- Born: November 30, 1927 Umbulwana, Natal province, Union of South Africa
- Died: November 27, 2019 (aged 91) Halifax, Nova Scotia, Canada
- Education: University of South Africa
- Occupations: Educator, Historian, Writer
- Spouse: Leela Pachai
- Writing career
- Genres: Nova Scotia History, Autobiography
- Notable works: Beneath the Clouds of the Promised Land; Peoples of the Maritimes: Blacks; Historic Black Nova Scotia (2006); My Africa, My Canada (1989); Accidental Opportunities (2007);

= Bridglal Pachai =

South African-born Canadian historian (1927–2019)

Bridglal Pachai (30 November 1927 – 27 November 2019) was a South African-born Canadian educator, historian and author.
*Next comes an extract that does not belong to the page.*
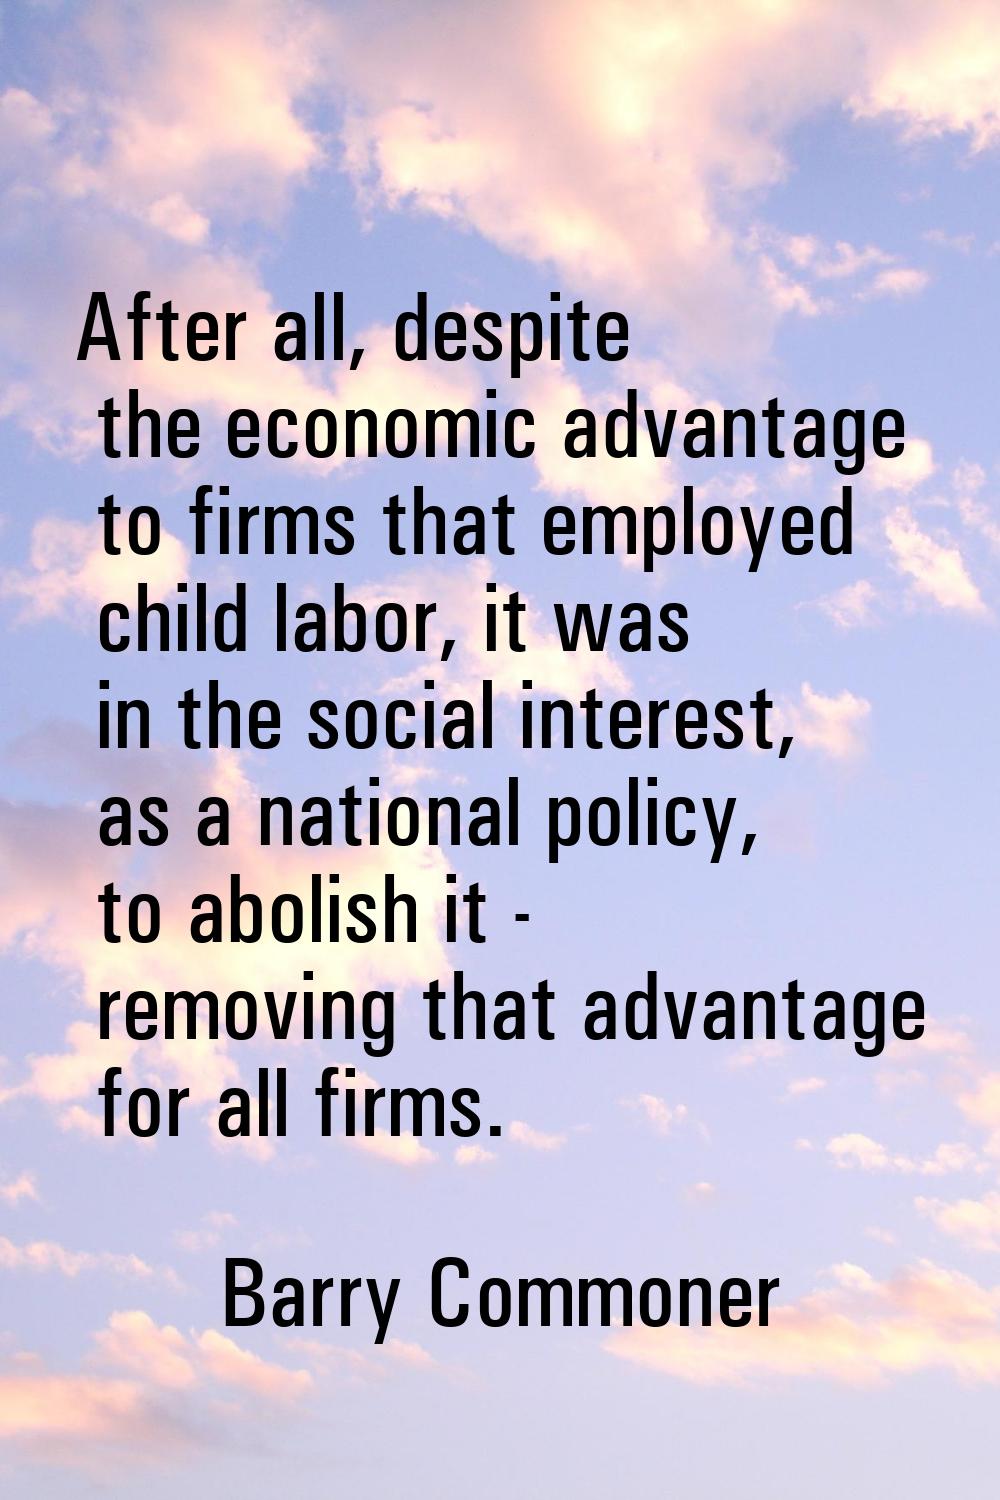 After all, despite the economic advantage to firms that employed child labor, it was in the social

Born in Umbulwana, Natal, he went to school in nearby Ladysmith, and later graduated with a doctorate in 1963.

==Career==
Pachai earned B.A. and M.A. degrees in History from the University of South Africa and a Ph.D. in History, from the University of Natal. His thesis was the twenty-one years that Mahatma Gandhi spent in South Africa from 1893 to 1914. From 1947 to 1962, he worked as a school teacher for the Department of Education in Natal, South Africa.
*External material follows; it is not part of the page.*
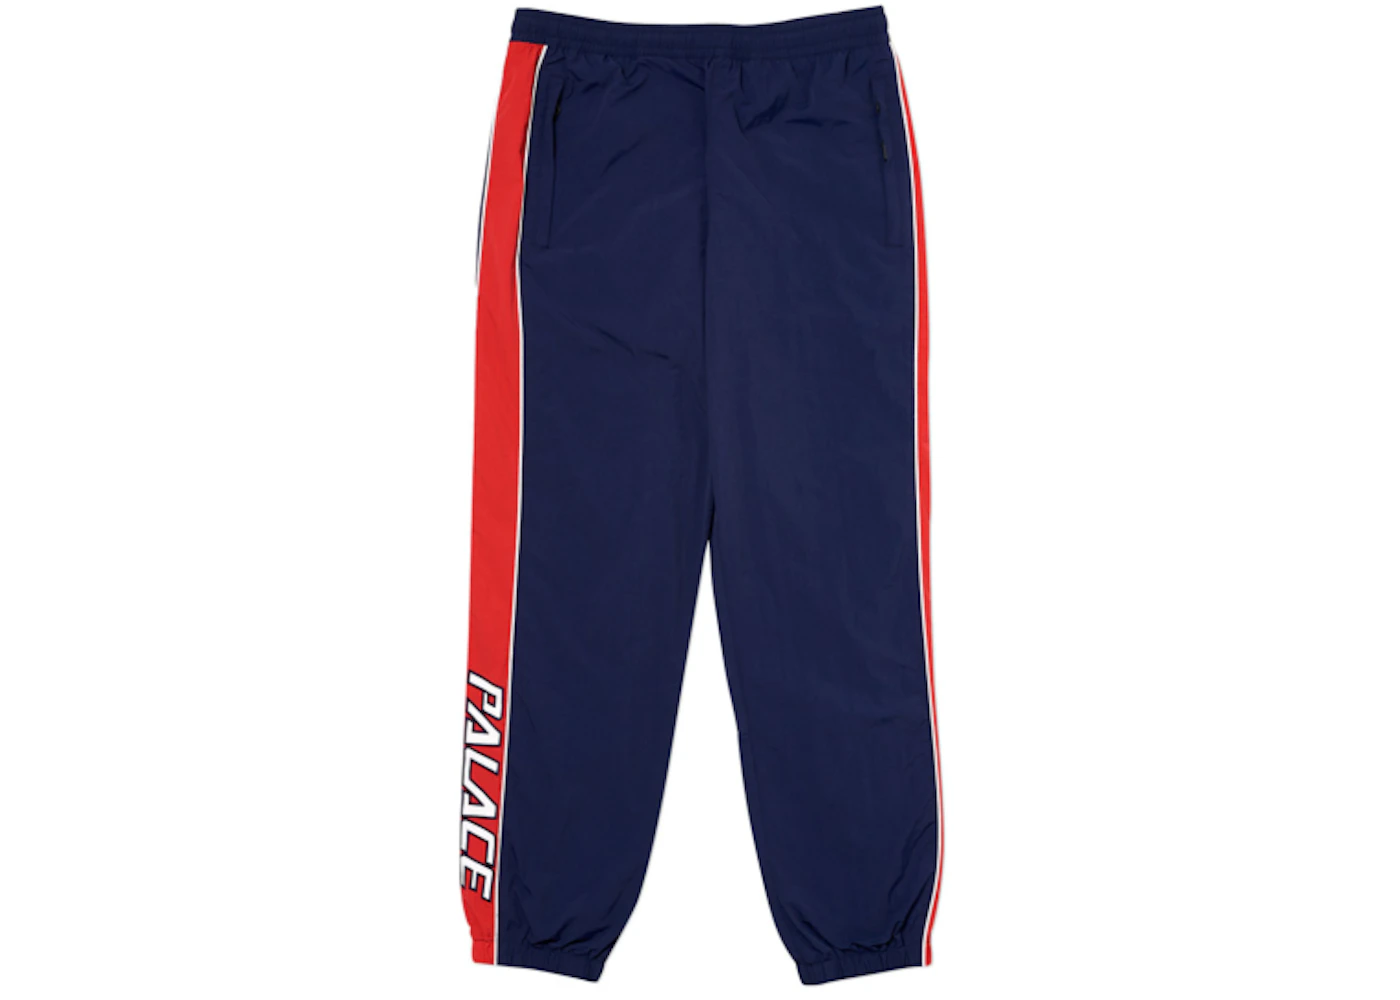 Palace Racer Shell Bottoms Navy Men's - FW19 - US

Pachai's first university post was as a Lecturer in History, at the University College of Cape Coast, Ghana, from 1962 to 1965, after which he moved to the University of Malawi where he taught history from 1965 to 1975, becoming Professor of History and Dean. In 1979, Pachai returned to Africa, becoming the inaugural Dean of the Faculty of Arts at the University of Sokoto, Nigeria (1979–1985). Many years later, he would spend a year teaching in The Gambia (1998).
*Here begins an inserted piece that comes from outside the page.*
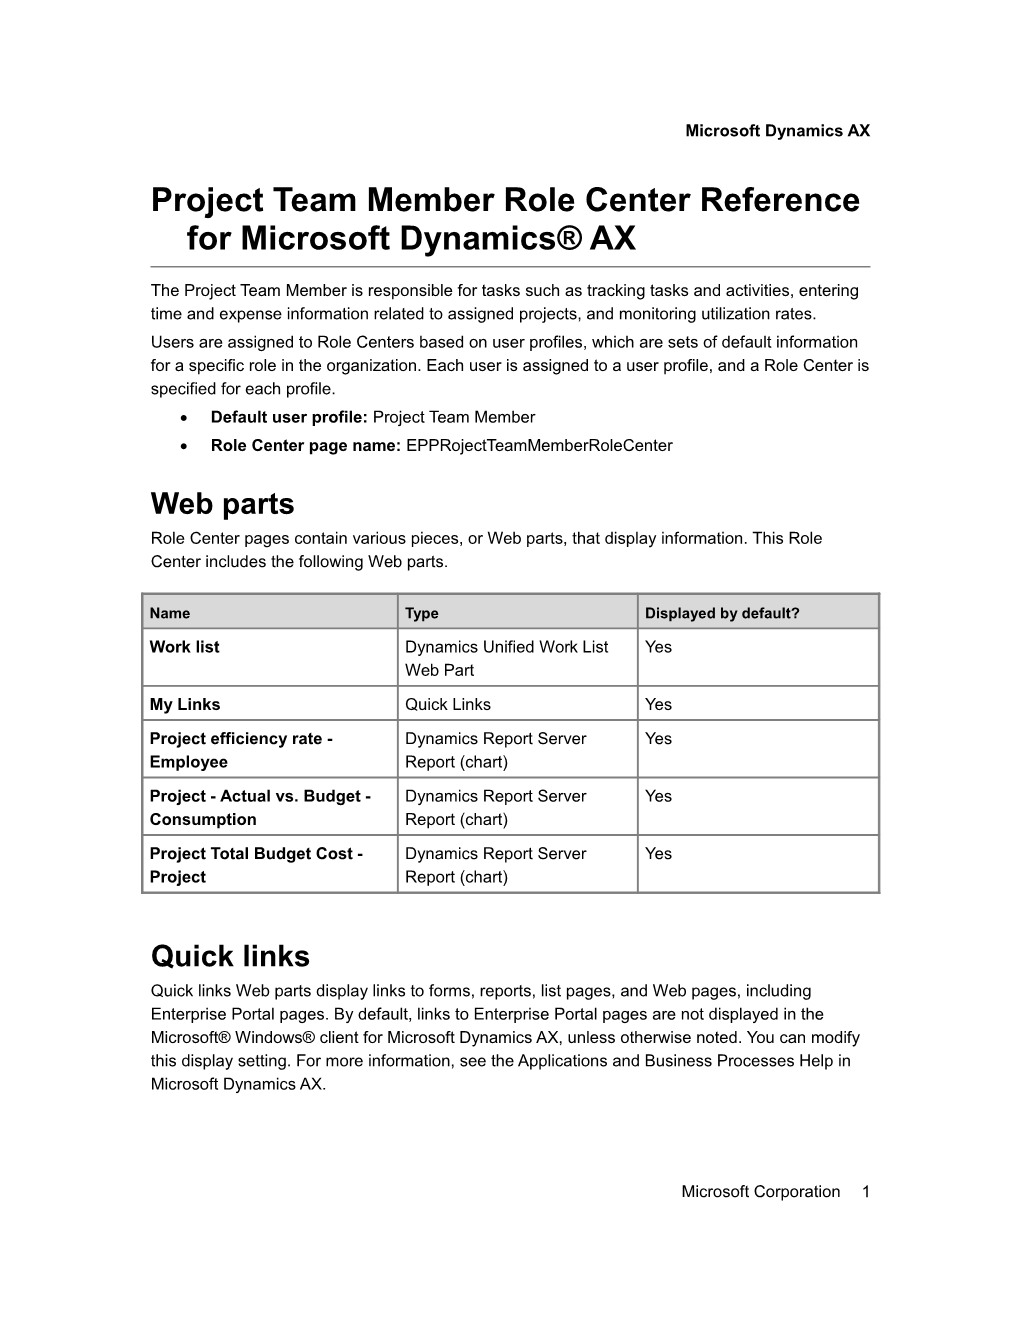 Project Team Member Role Center Reference For Microsoft Dynamics? AX

Pachai returned permanently to Nova Scotia in 1985, where he became the executive director of the Black Cultural Centre (1985 to 1989) and, subsequently, the Nova Scotia Human Rights Commission (1989 to 1994).

==Author and historian==

He became an authority on African Nova Scotian history, penning several books on the subject, including Beneath the Clouds of the Promised Land (Volumes 1 and 2, 1987 and 1991), Peoples of the Maritimes: Blacks (1987, 1993), and Historic Black Nova Scotia (2006). He wrote about his life in two autobiographies, My Africa, My Canada (1989) and Accidental Opportunities (2007). In all, he published some 20 books.

==Personal life==
Pachai and his wife Leela had five children; three sons and two daughters.

==Death and legacy==

He was made a member of the Order of Canada in 2002 and in 2006 was a recipient of the Gandhi, King, Ikeda Award (Morehouse College).

He died in Halifax on 27 November 2019 at age 91.